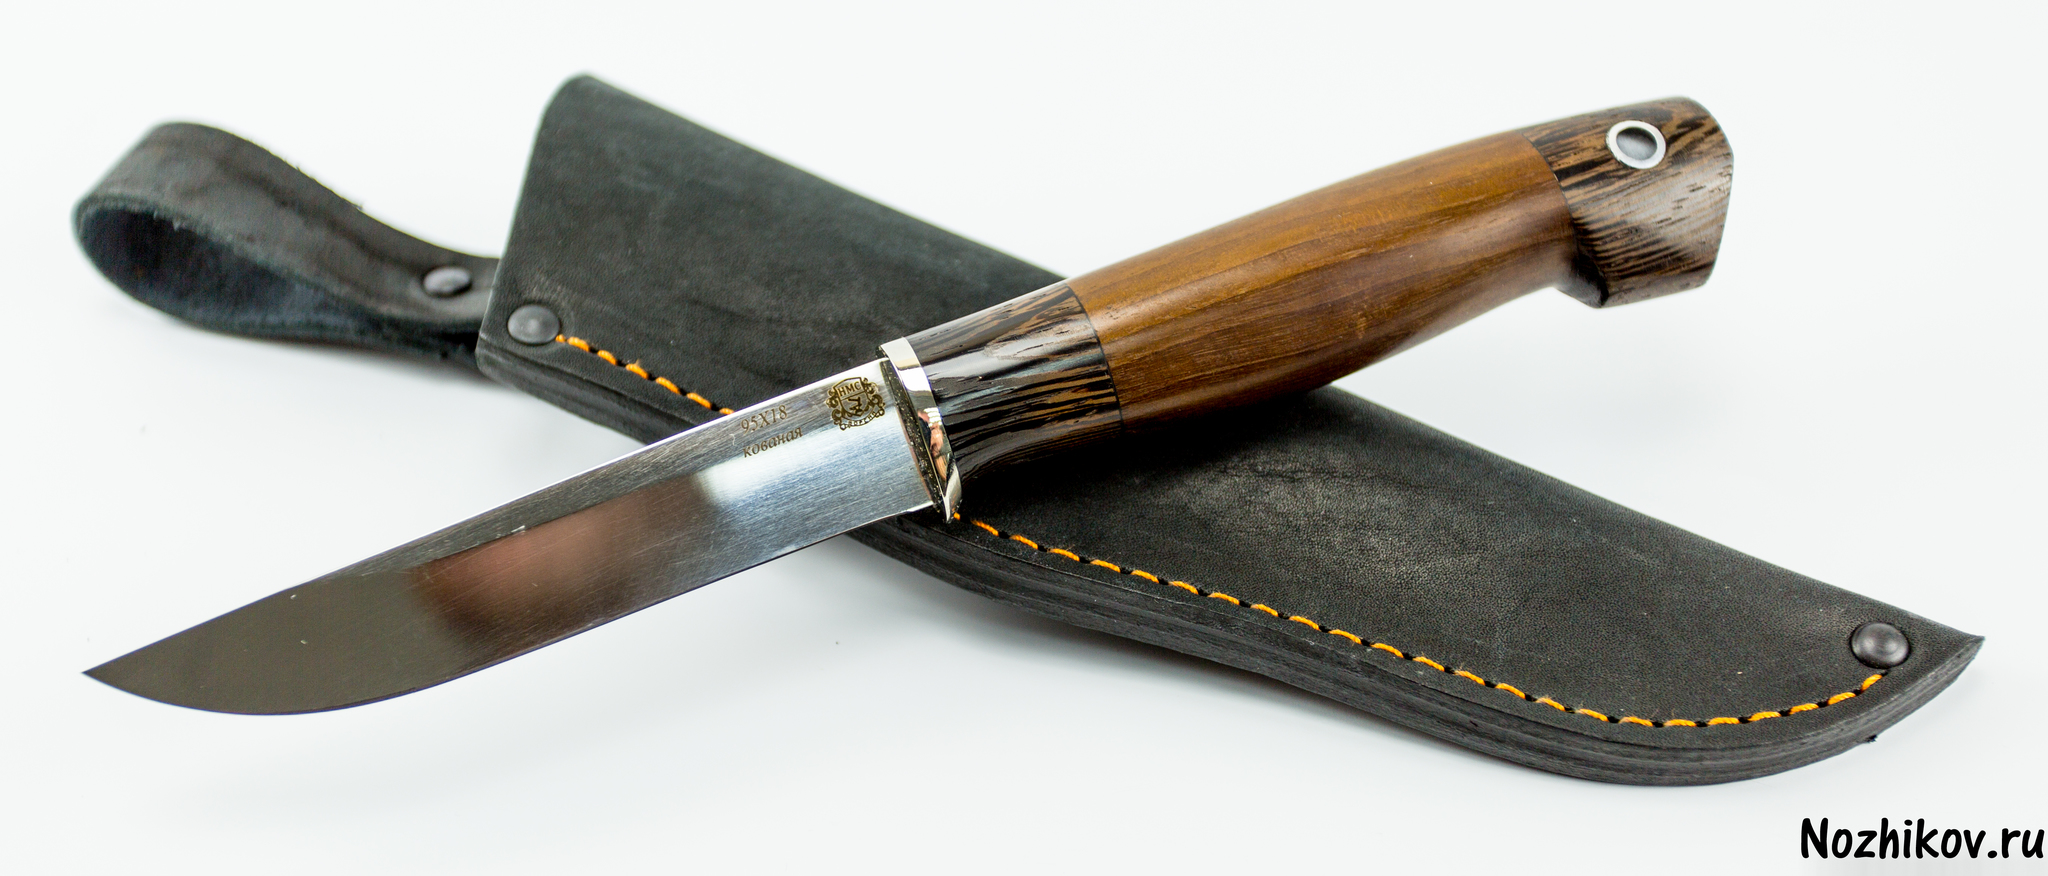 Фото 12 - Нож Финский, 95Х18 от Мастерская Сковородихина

--

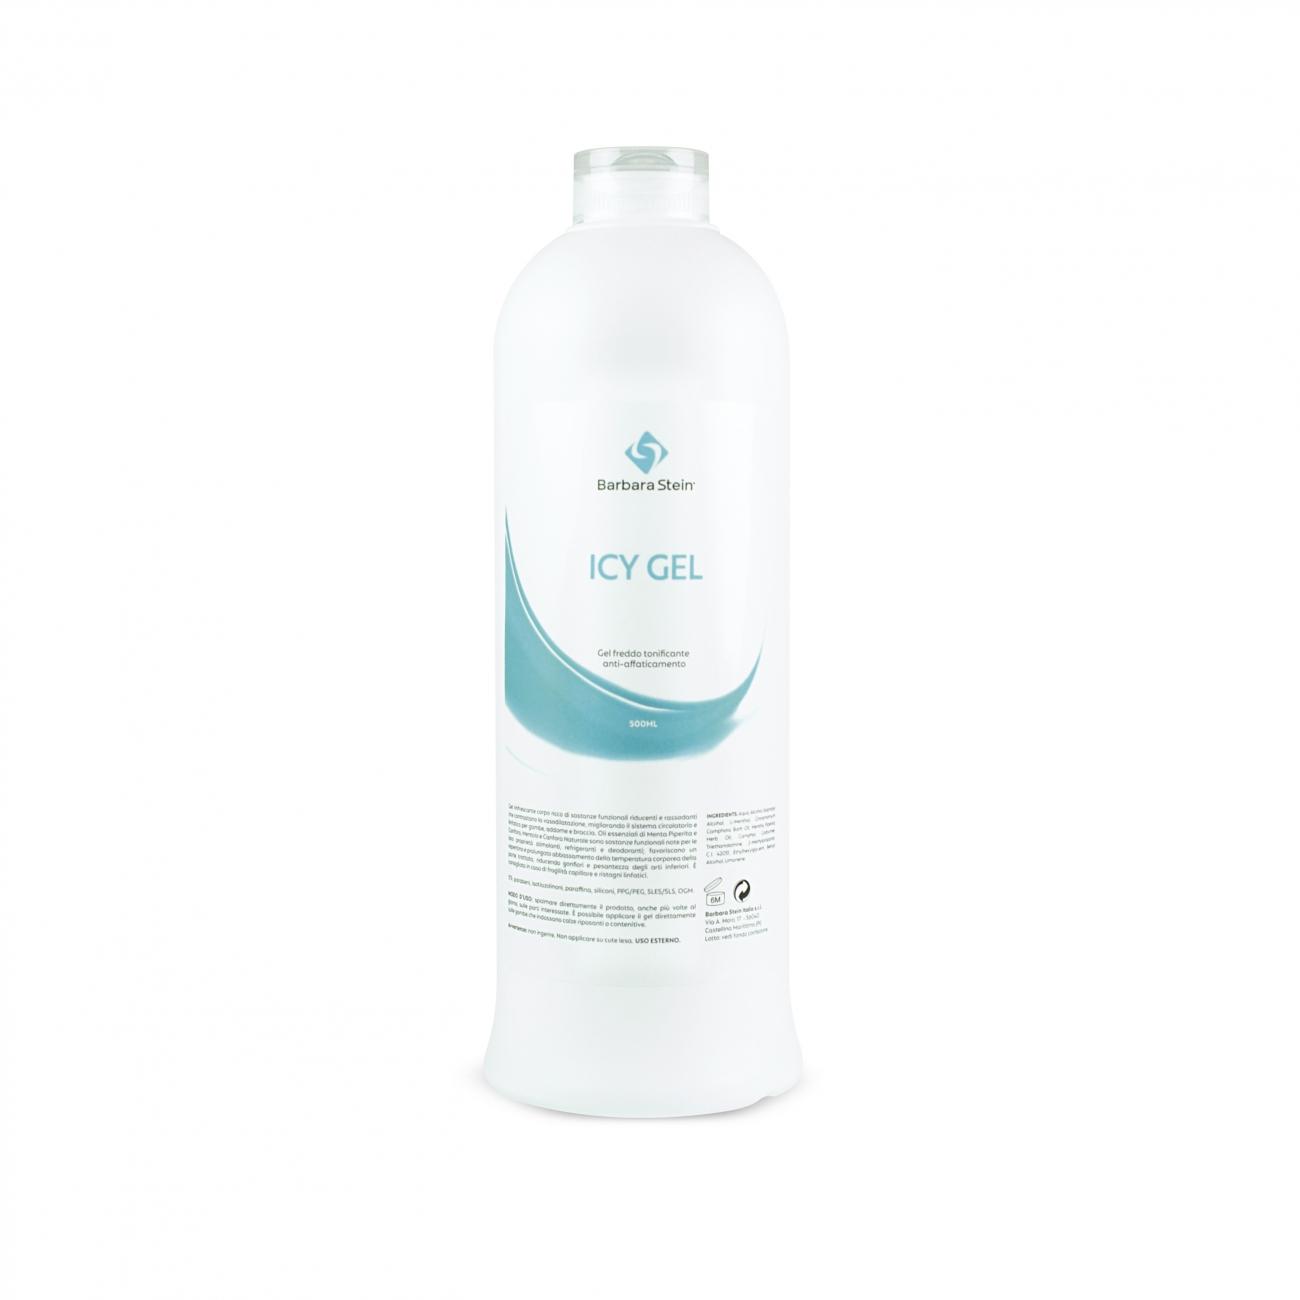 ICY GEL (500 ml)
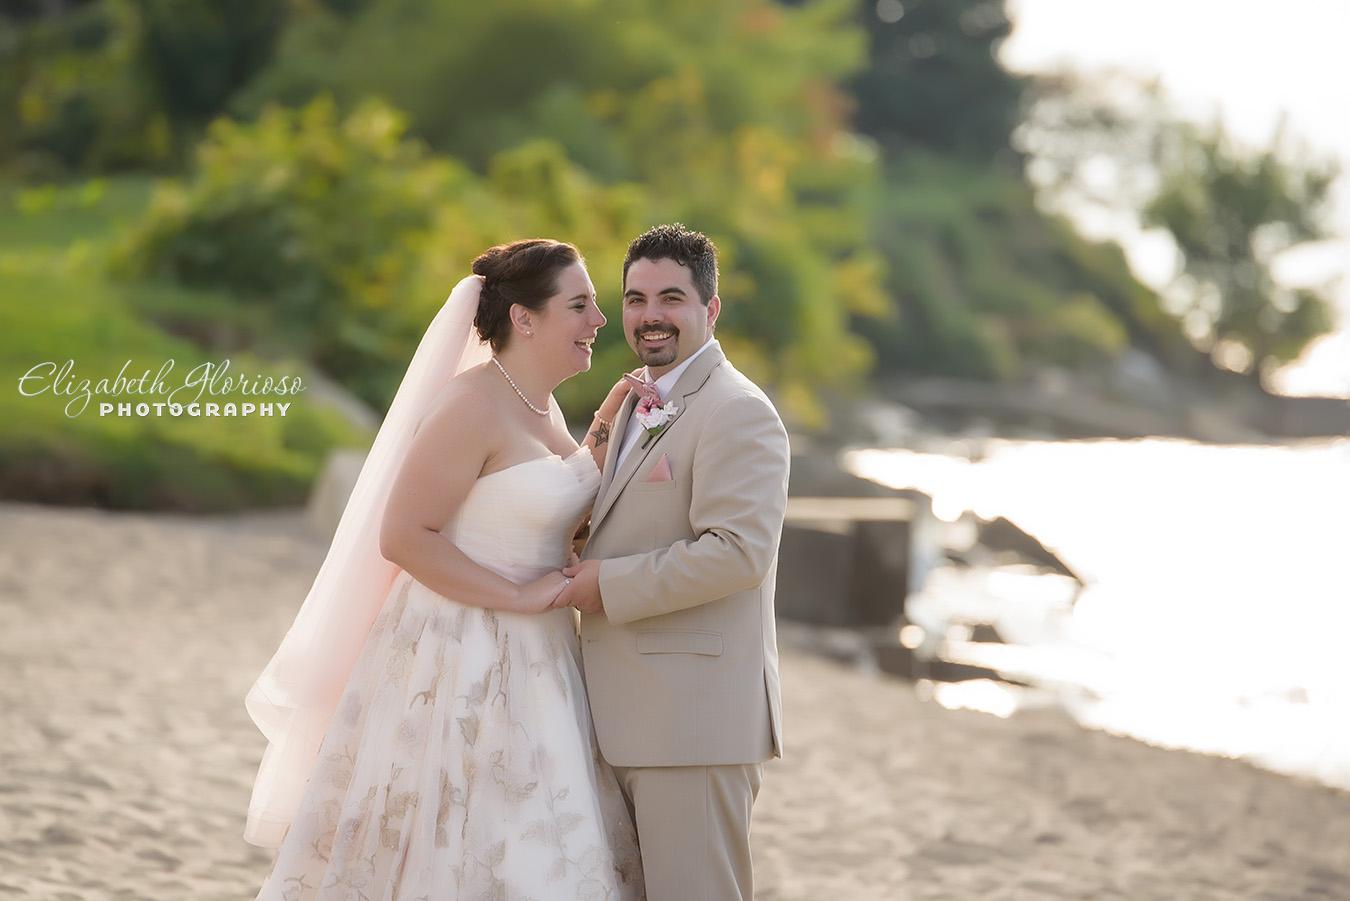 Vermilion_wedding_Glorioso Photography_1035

...

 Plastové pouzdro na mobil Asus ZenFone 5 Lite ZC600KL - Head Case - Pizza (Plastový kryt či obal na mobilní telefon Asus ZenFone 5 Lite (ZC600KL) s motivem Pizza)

Exercise - From the records above, write out exactly the lines that begin at the line with "ICY GEL (500 ml)" and end at the line with "Vermilion_wedding_Glorioso Photography_1035". Pictures must not appear in the output.

Answer below -
 ICY GEL (500 ml)
 Vermilion_wedding_Glorioso Photography_1035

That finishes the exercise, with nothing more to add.